项目概要 X 连锁智力障碍 (XLID) 影响大约千分之一的男性。最近，我们发现编码 O-GlcNAc 转移酶 (OGT) 的基因突变是导致 XLID 的原因。这些突变产生 OGT 的 TPR 结构域中氨基酸取代的变体，这些变体被认为参与蛋白质-蛋白质相互作用。核蛋白和胞质蛋白的 Ser/Thr 残基的修饰通过 OGT 添加单个聚糖（O-连接的 N-乙酰葡糖胺，O-GlcNAc）会影响稳定性，许多核蛋白和胞浆蛋白的定位、活性和蛋白-蛋白相互作用。类似于 O-GlcNAc 磷酸化后，哺乳动物中数以千计的核蛋白和胞质蛋白被 O-GlcNAc 修饰。不像磷酸化，由大量激酶和一小部分磷酸酶介导，O- GlcNAc 酰化是由单一转移酶 (OGT) 的活性引起的，并且可以通过单一水解酶去除（O-GlcNAc 水解酶，OGA）。

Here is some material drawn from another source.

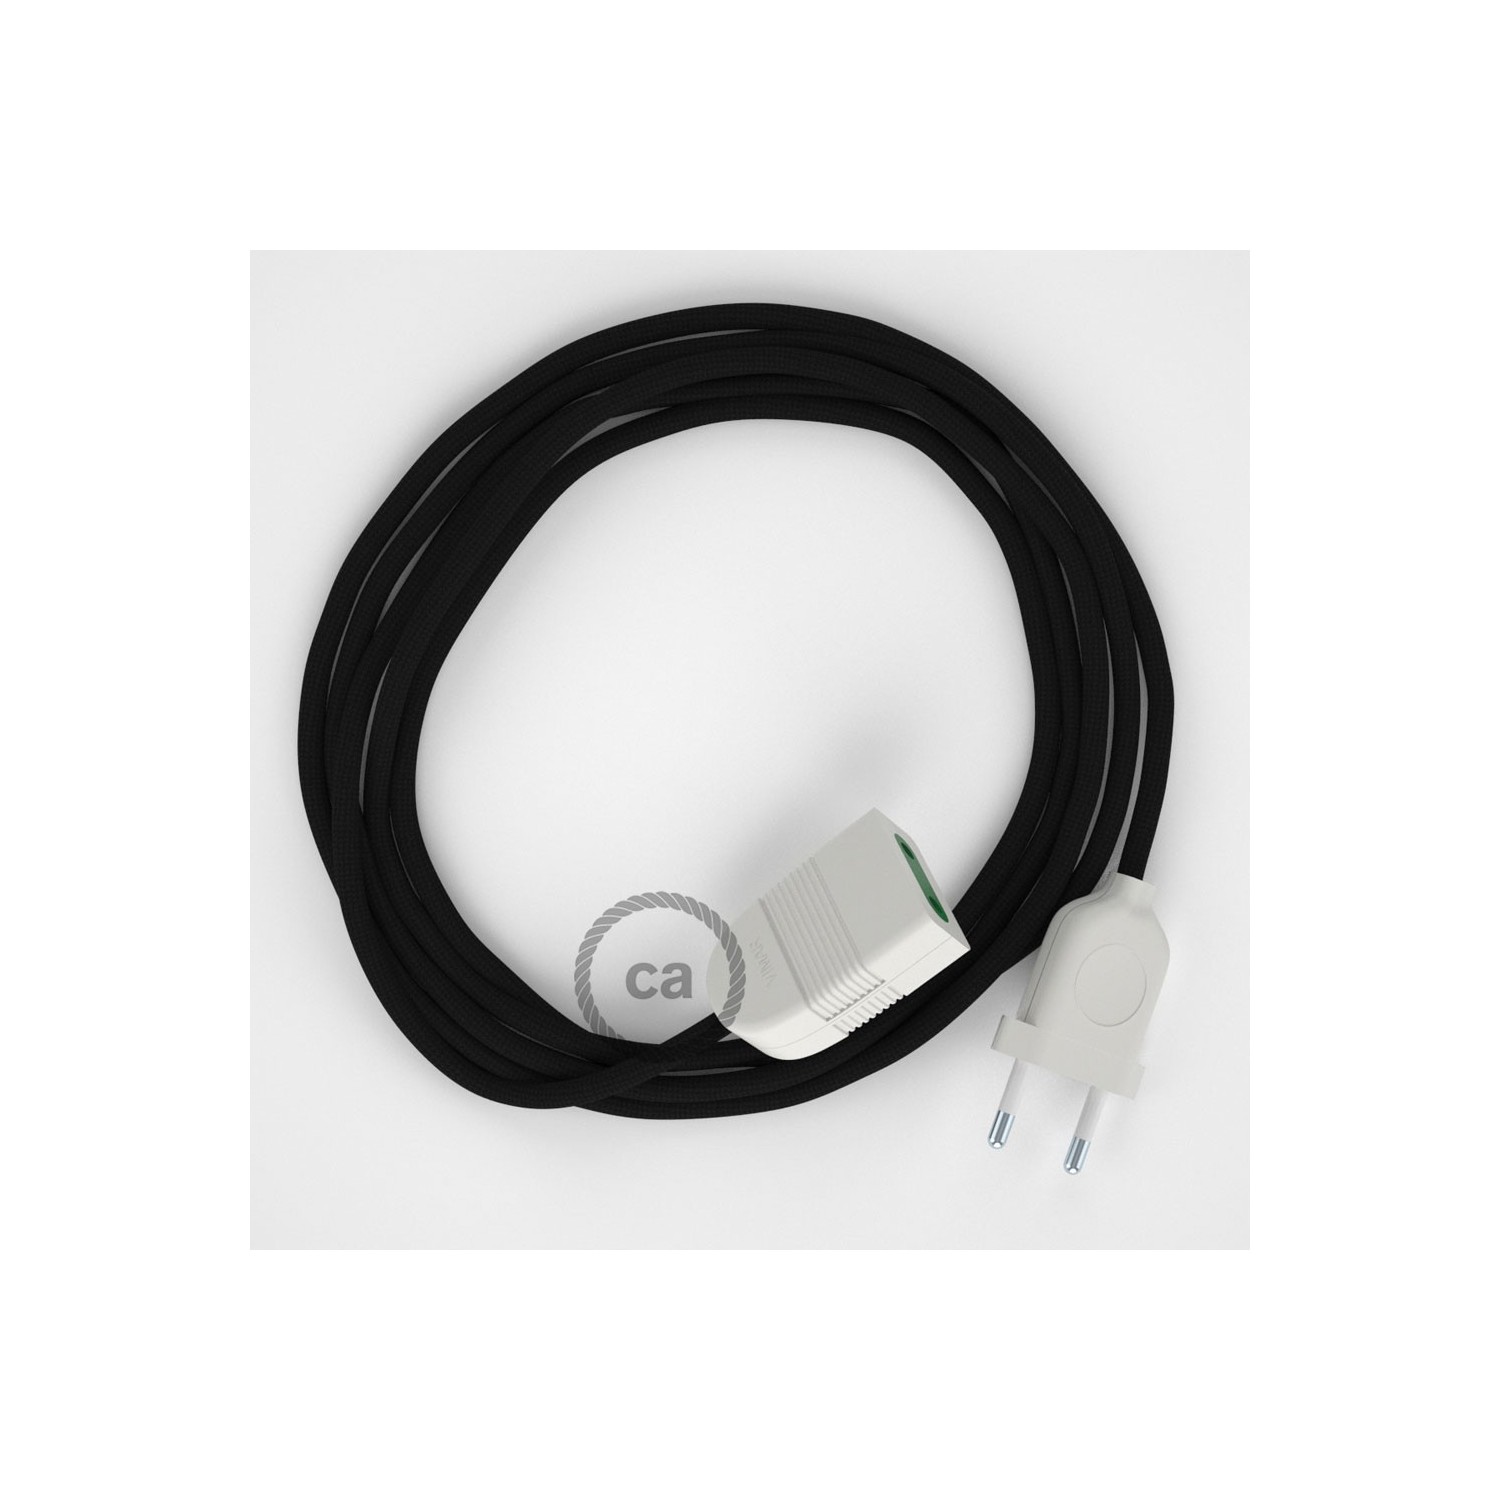 Rallonge électrique avec câble textile RM04 Effet Soie Noir 2P 10A Made in Italy.

有人建议 O-GlcNAc 修饰是一种调节修改，因为它已被证明在一小部分上是全局可诱导的和动态的检查蛋白质。我们假设 XLID 中观察到的 TPR 变体正在改变 O-GlcNAc 动力学和/或 OGT 相互作用组。具体目标利用了我们在 O-GlcNAc 生物学方面的专业知识和 OGT 酶学以及我们创新的标记、富集和基于质谱的方法用于位点作图和相互作用组识别，应用于源自正常或 Cas9- 的神经谱系工程化人类胚胎干细胞。在目标 1 中，我们开发了一种新方法来检查动态位点特异性 O-GlcNAc 修饰和修饰的蛋白质，并将其与富集策略结合起来和串联质谱方法来定义细胞类型和 XLID 基因型中的 O-GlcNAc 循环速率依赖方式。在目标 2 中，我们也使用经典的免疫共沉淀定义了 OGT 相互作用组作为以细胞类型和 XLID 基因型依赖方式进行邻近标记的方法。成功者这些目标的完成不仅有利于 O-GlcNAc 生物学界，更重要的是确定受 XLID 影响的特定 OGT 靶点和结合伙伴，以供未来详细的假设驱动研究。